Save the XML file as Heterochronous. Hit Run to start the analysis. The run should take about minutes. While waiting for your results, you can start preparing the XML file for the homochronous data. Analysing the results Load the file into Tracer to check mixing and the parameter estimates. Loading the log file into Tracer. First thing you may notice is that most of the parameters do have low ESS effective sample size below marked in red Figure This is because our chain did not run long enough.

However, the estimates we obtained with a chain of length 5'' are very similar to those obtained with a longer chain. Click on clockRate and then click on Trace to examine the trace of the parameter Figure The trace of the clock rate parameter. Note that even though the parameter has a low ESS, the chain appears to have passed the burn-in phase and seems to be sampling from across the posterior without getting stuck in any local optima.

This is not a proof that the run is mixing well, however it gives us a good intuition that the parameter will have a good ESS value if we run the chain for longer. You should always examine the parameter traces to check convergence; a high ESS value is not proof that a run has converged to the true posterior. If you like, you can compare your results with the example results we obtained with identical settings and a chain of 30, Do the parameter traces look better?

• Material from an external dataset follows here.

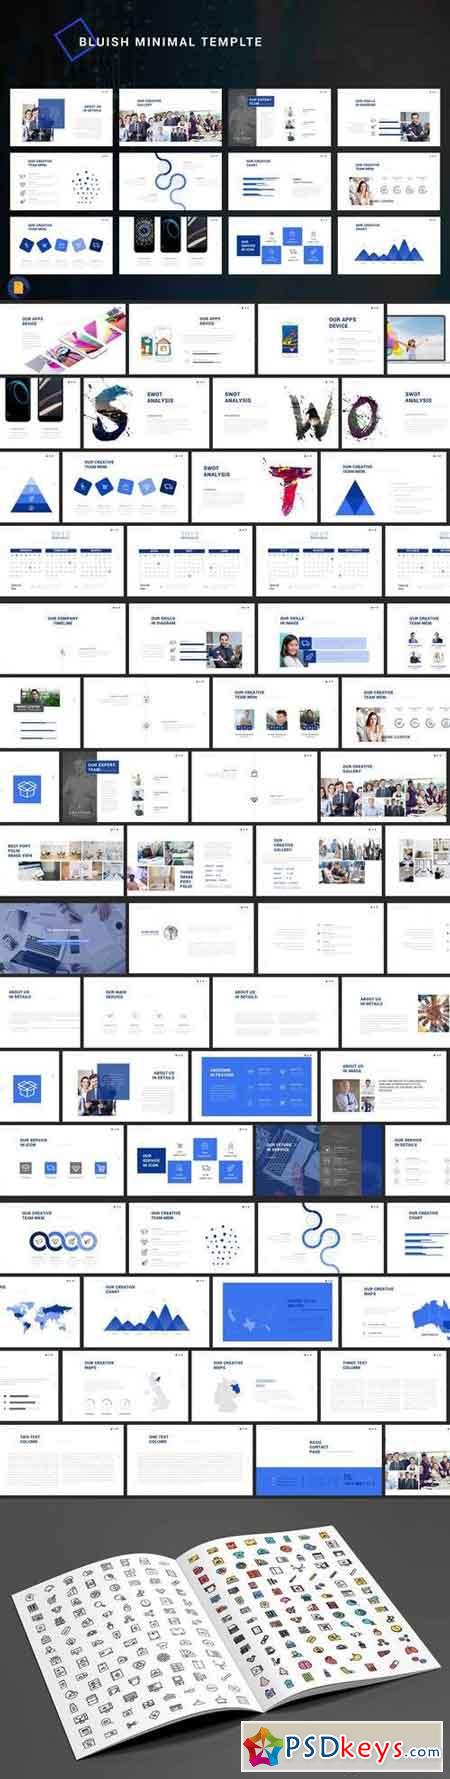 Bluish Google Slide Template

Examine the posterior estimates for the becomeUninfectiousRate, samplingProportion and clockRate in Tracer. Do the estimates look realistic? Are they different from the priors we set and if so, how? The estimated posterior distribution for the becomeUninfectiousRate has a median of This is a lot more specific than the prior we set, which allowed for a much longer infectious period.

The estimates also agree with what we know about Influenza A. In this case there was enough information in the sequencing data to estimate a more specific becoming uninfectious rate.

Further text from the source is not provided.